GSTP1 as a chemo-resistant factor

Another clinically important issue regarding the association of GSTP1 with malignancy is its role in the development of resistance against drugs such as adriamycin (ADR), cisplatin (CDDP), melphalan, cyclophosphamide, and chlorambucil through the GSH-conjugation activity of GSTP1.⁵⁾ We confirmed a significant increase in the sensitivity of a GSTP1-expressing colon cell line to ADR, CDDP, melphalan, and etoposide by transfection of GSTP1 antisense DNA.³⁶⁾ We also demonstrated that CD34⁺ bone marrow cells were protected from alkylating agents by introduction of the GSTP1 gene.³⁷⁾ With regard to the reactive oxygen species (ROS) scavenging activity of GST (GSTP1), it may be intriguing to examine the role of GSTP1 in the chemoresistance of cancer stem cells in which a low ROS level is an essential factor for their stemness and chemoresistance properties.³⁸⁾

GSTP1 inhibitors

To overcome GSH-conjugation-related refractory tumors, various drugs to inhibit the enzyme activity of GSTP1, including synthetic inhibitors³⁹⁾ and natural inhibitors from plants,⁴⁰⁾ have been explored. Amongst these, ethacrynic acid (EA), which has been used clinically as a diuretic drug, is the most extensively studied to overcome the GSTP1-refractory behavior in a wide range of malignancies.³⁹⁾ The mechanism for the restoration of drug sensitivity by EA involves covalent binding of EA to GSH, thereby GSH becomes unavailable for conjugation to drugs by GSTP1. However, despite the fairly acceptable pharmacological effect on GSTP1-positive cancers, its clinical use was limited due to its strong diuretic properties. To avoid the unfavorable diuretic effect, various EA analogues have been developed.

Notably, most of these EA analogues exhibit anticancer activity in addition to their originally aimed activity to overcome drug refractoriness.⁴¹⁾ In particular, ethacraplatin, which is a cisplatin molecule coordinated to two ethacrynic acid ligands, may be a promising EA analogue because it was shown to be highly potent in treating cisplatin-resistant cancer cells.⁴²⁾ Clinical trials on some of these EA analogues are currently underway.
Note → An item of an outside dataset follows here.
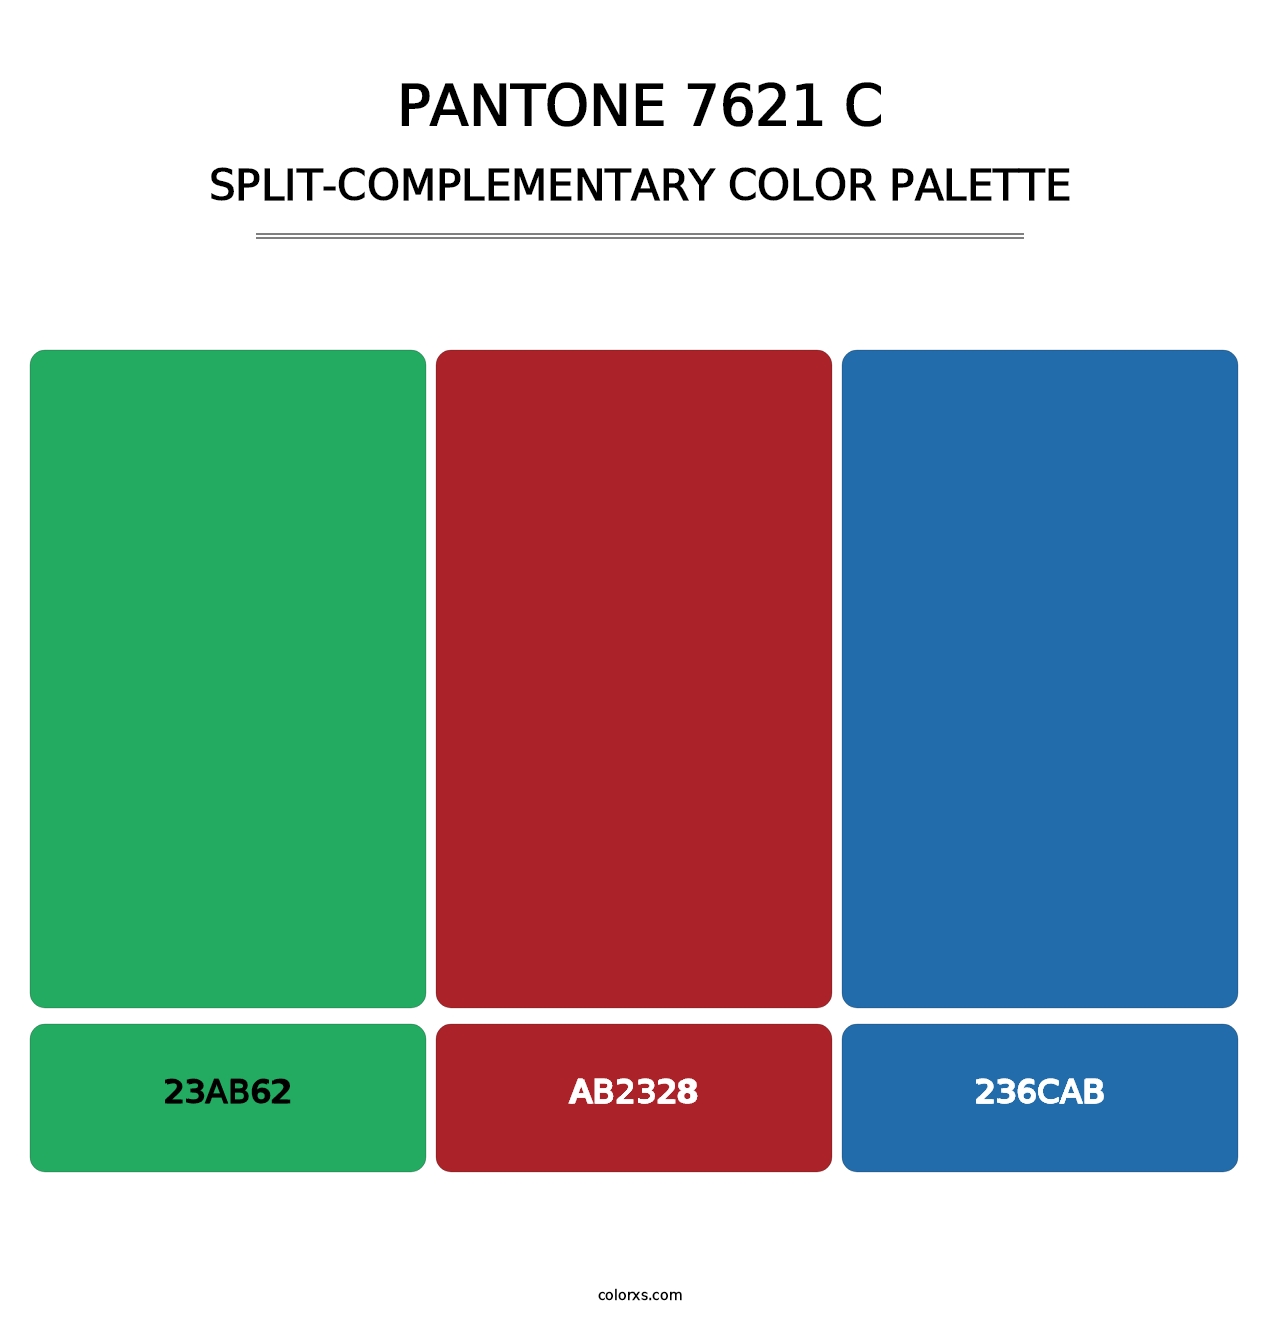 PANTONE 7621 C - Split-Complementary Color Palette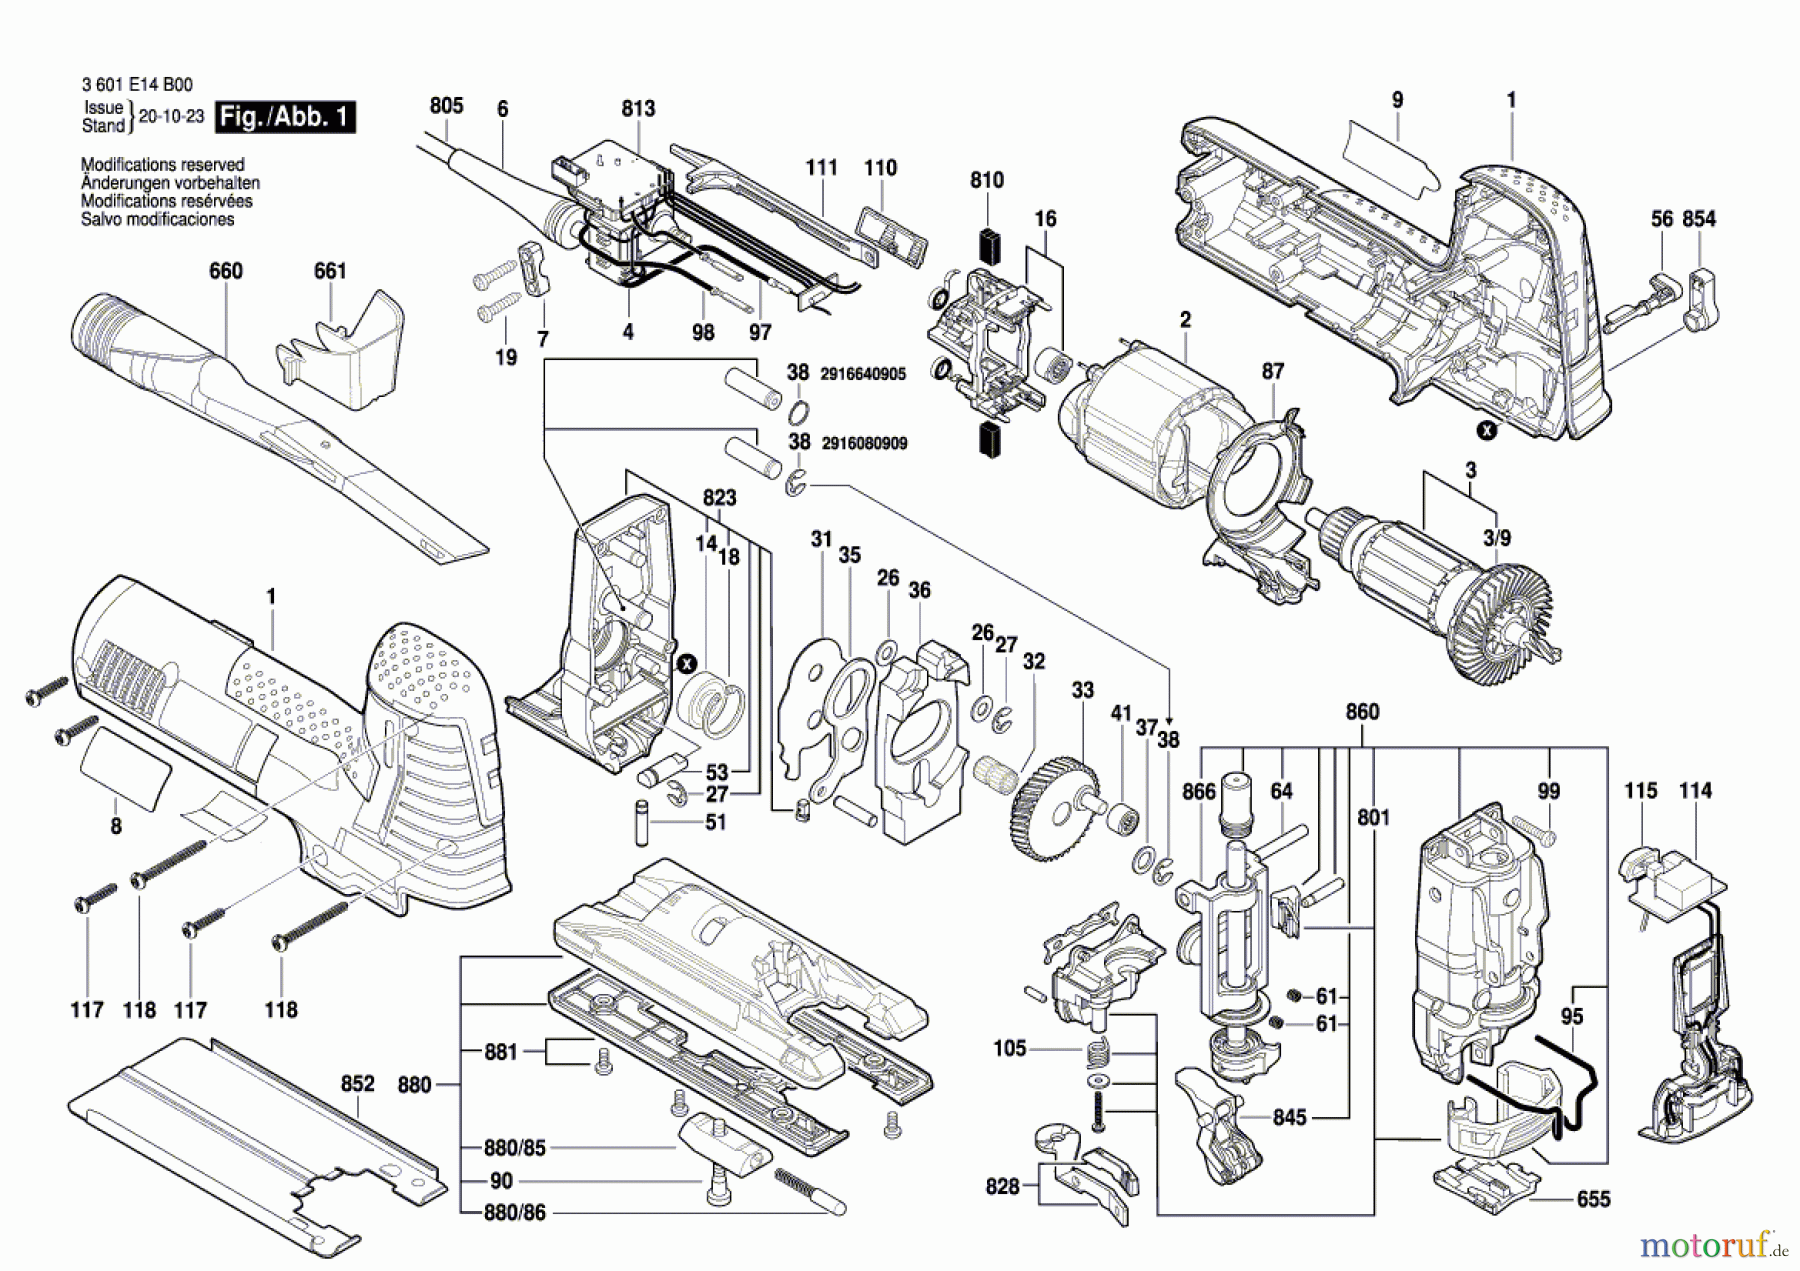  Bosch Werkzeug Stichsäge ST 140 E Seite 1

Another series of anti-GSTP1 drugs comprise GST analogues, of which the best characterized example is a GSH peptidomimetic molecule designated as ezatiostat hydrochloride (TLK199) whose metabolites bind the G-site of GSTP1 to inhibit its enzyme activity. This compound was proven to be clinically efficacious in the treatment of myelodysplastic syndrome⁴³⁾ although the mechanism of action is unclear. Canfosfamide, also known as TLK286, is also a GSH analogue that is activated by GSTP1-1 into a GSH derivative and phosphorodiamidate, an alkylating metabolite that forms covalent linkages with DNA, thereby exerting anticancer activity in ovarian cancer.⁴⁴⁾

By modifying TLK199, we developed a new compound, O-hexadecyl-γ-glutamyl-S-benzyl-cysteinyl-D-phenyl glycine-ethylester (HGBPE), with higher solubility than the original drug, and demonstrated a significantly enhanced antitumor activity of ADR or cyclophosphamide against cholangiocarcinoma through combination use with a new compound in a xenograft model.⁴⁵⁾ Its clinical efficacy needs to be examined in a future study.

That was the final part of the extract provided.